Entries taken from a collection
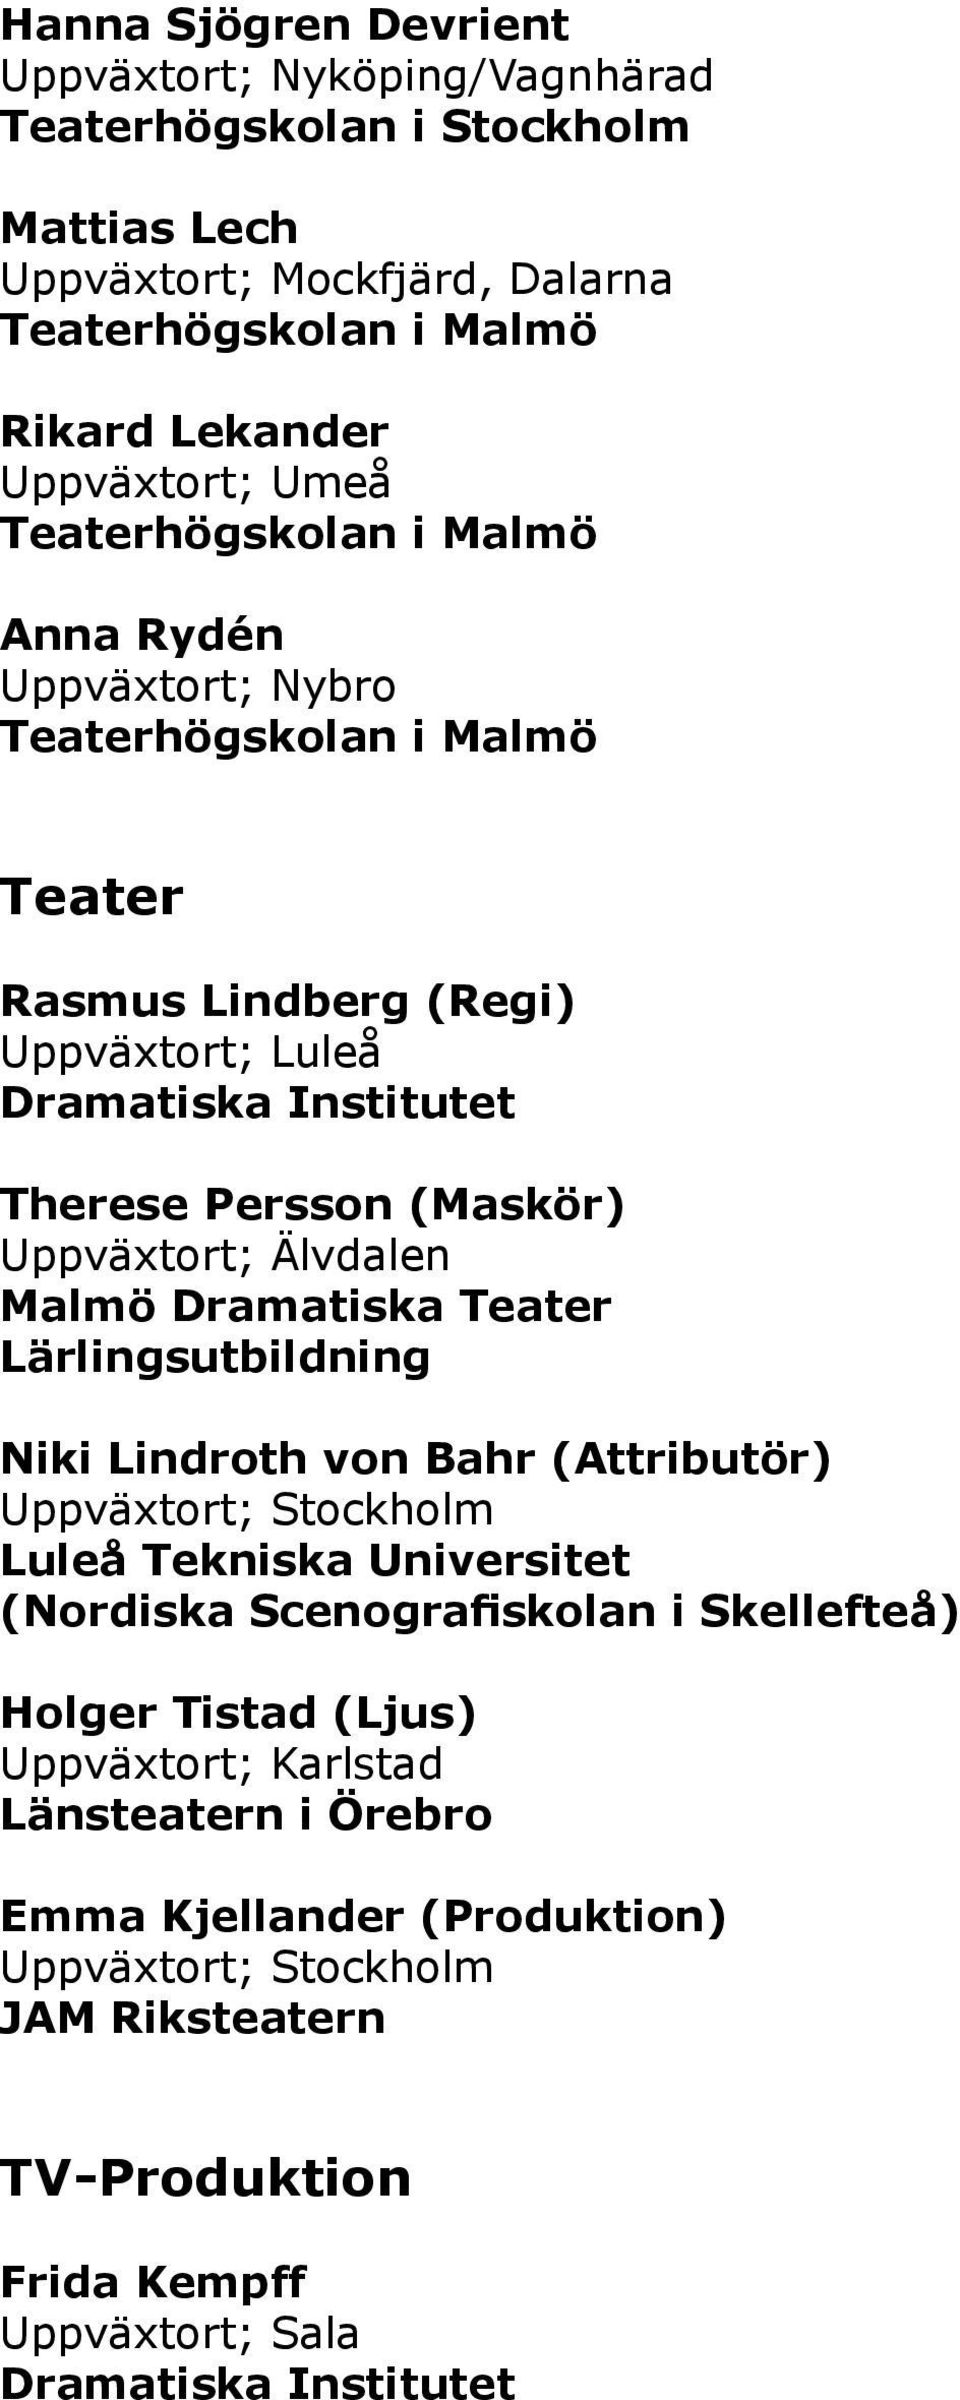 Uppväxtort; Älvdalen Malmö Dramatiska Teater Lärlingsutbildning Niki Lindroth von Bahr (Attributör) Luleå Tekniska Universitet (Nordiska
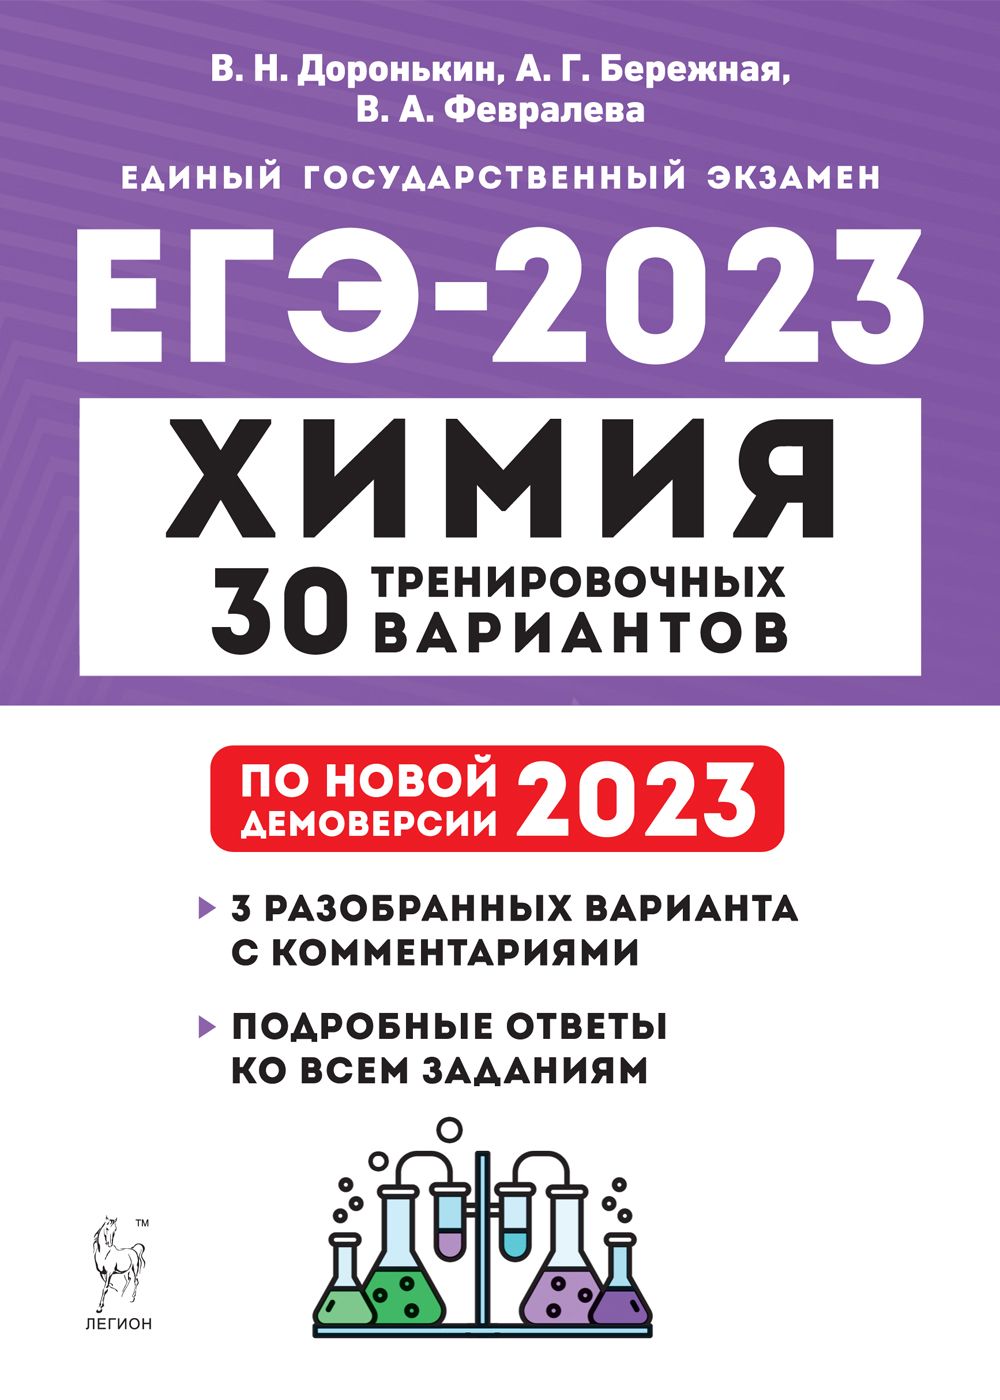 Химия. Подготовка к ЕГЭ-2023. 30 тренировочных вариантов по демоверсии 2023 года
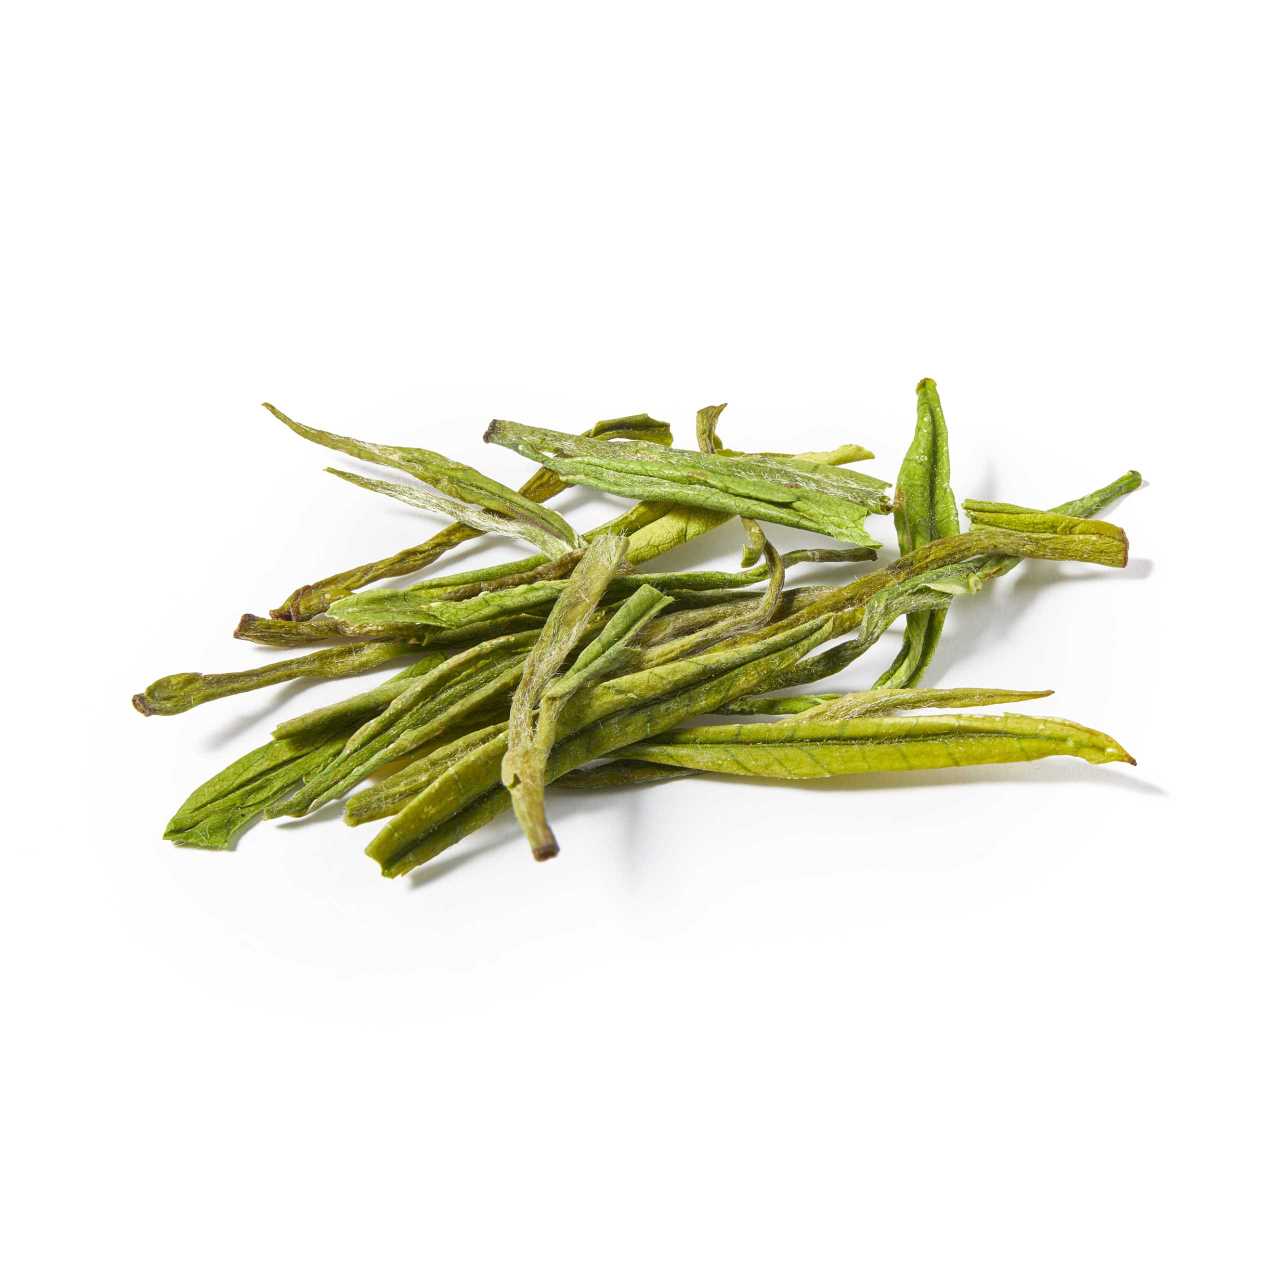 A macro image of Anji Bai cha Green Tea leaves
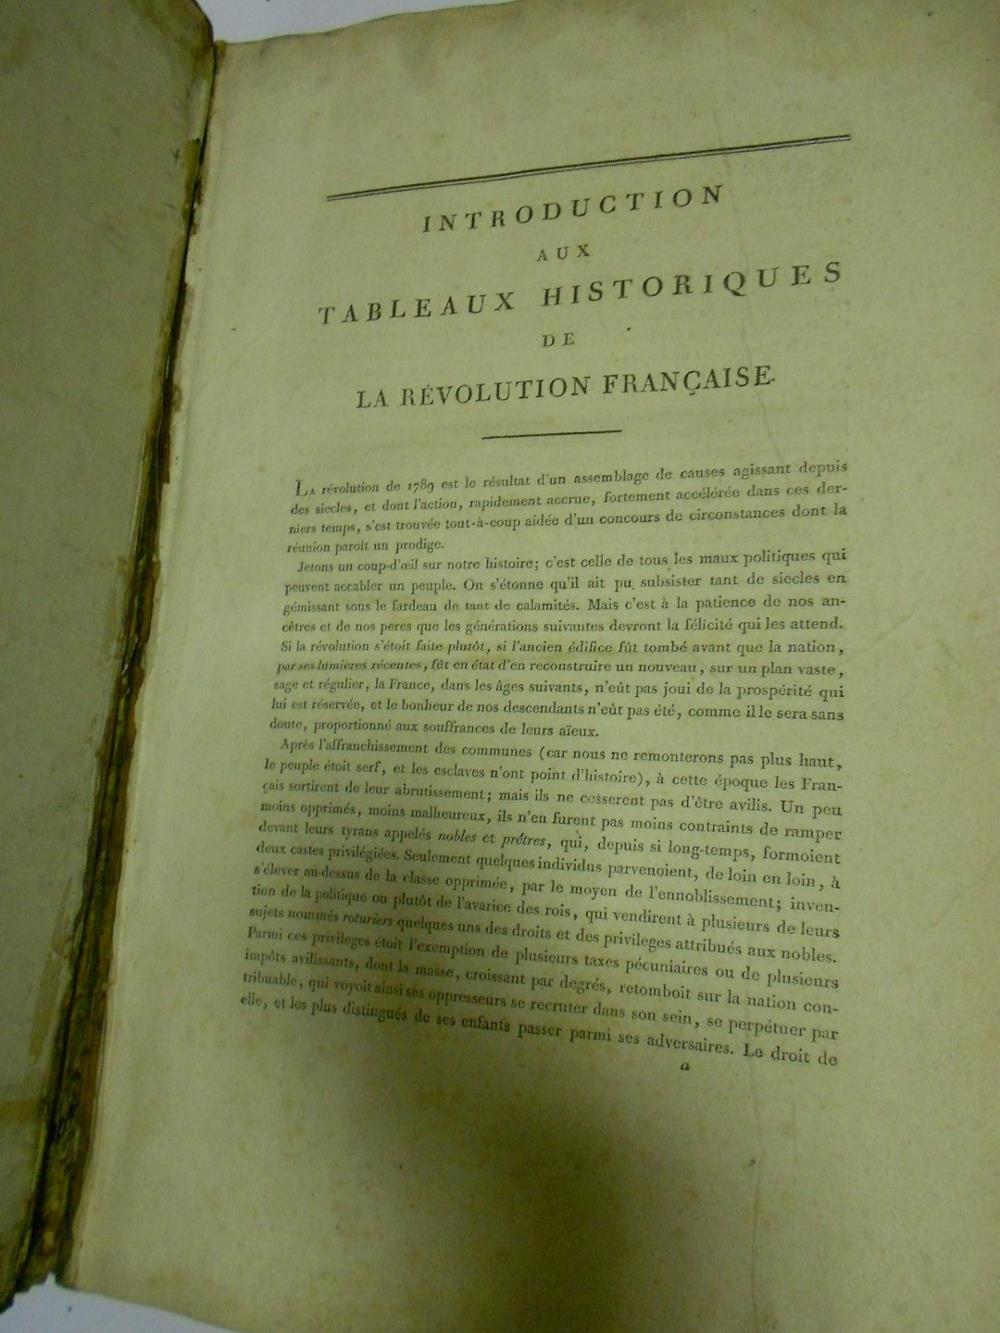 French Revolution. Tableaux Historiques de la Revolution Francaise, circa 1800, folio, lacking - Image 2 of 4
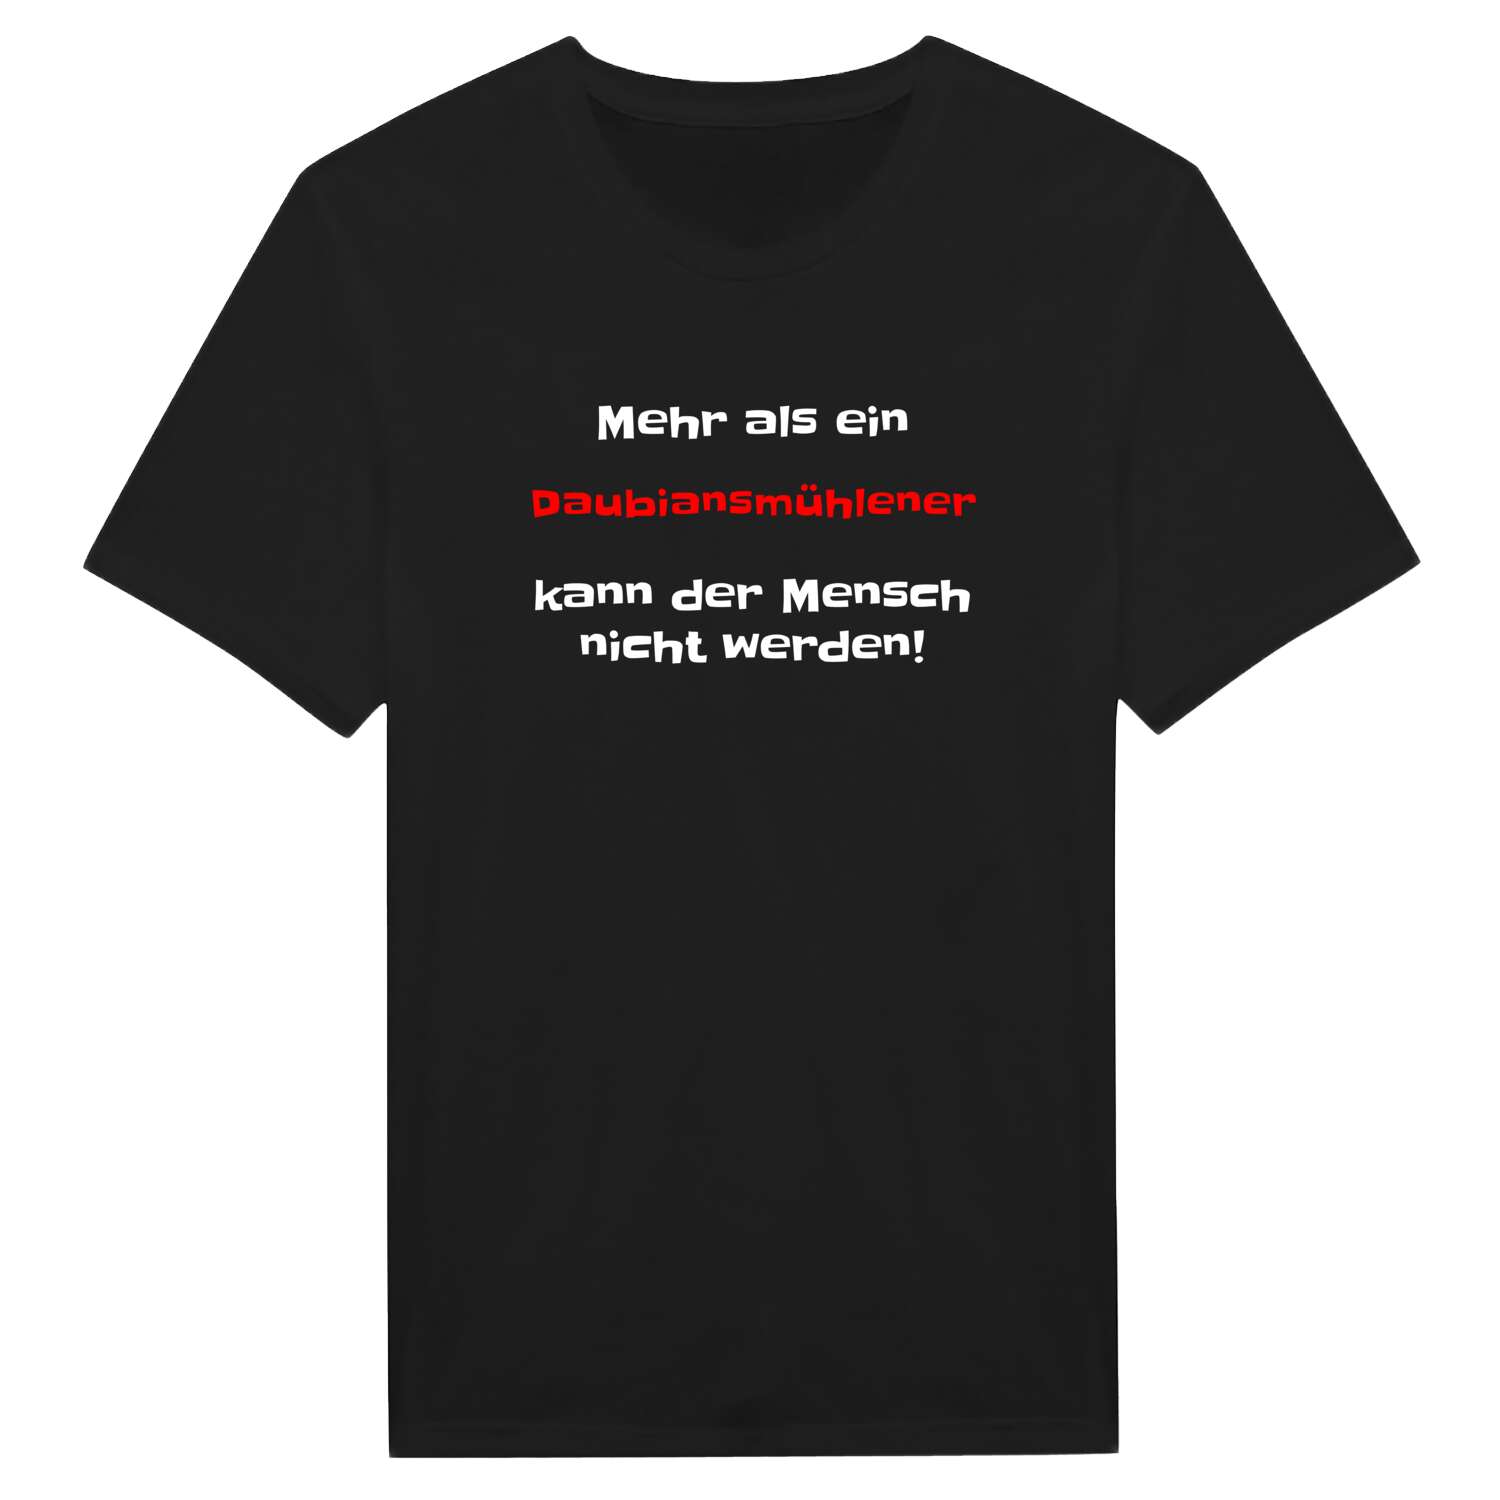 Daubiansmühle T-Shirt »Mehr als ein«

(To do)
Without the pictures, transcribe exactly the lines above from the one containing "A macro image" through the last.

(The answer)
 A macro image of Anji Bai cha Green Tea leaves
 French Revolution. Tableaux Historiques de la Revolution Francaise, circa 1800, folio, lacking - Image 2 of 4
 Daubiansmühle T-Shirt »Mehr als ein«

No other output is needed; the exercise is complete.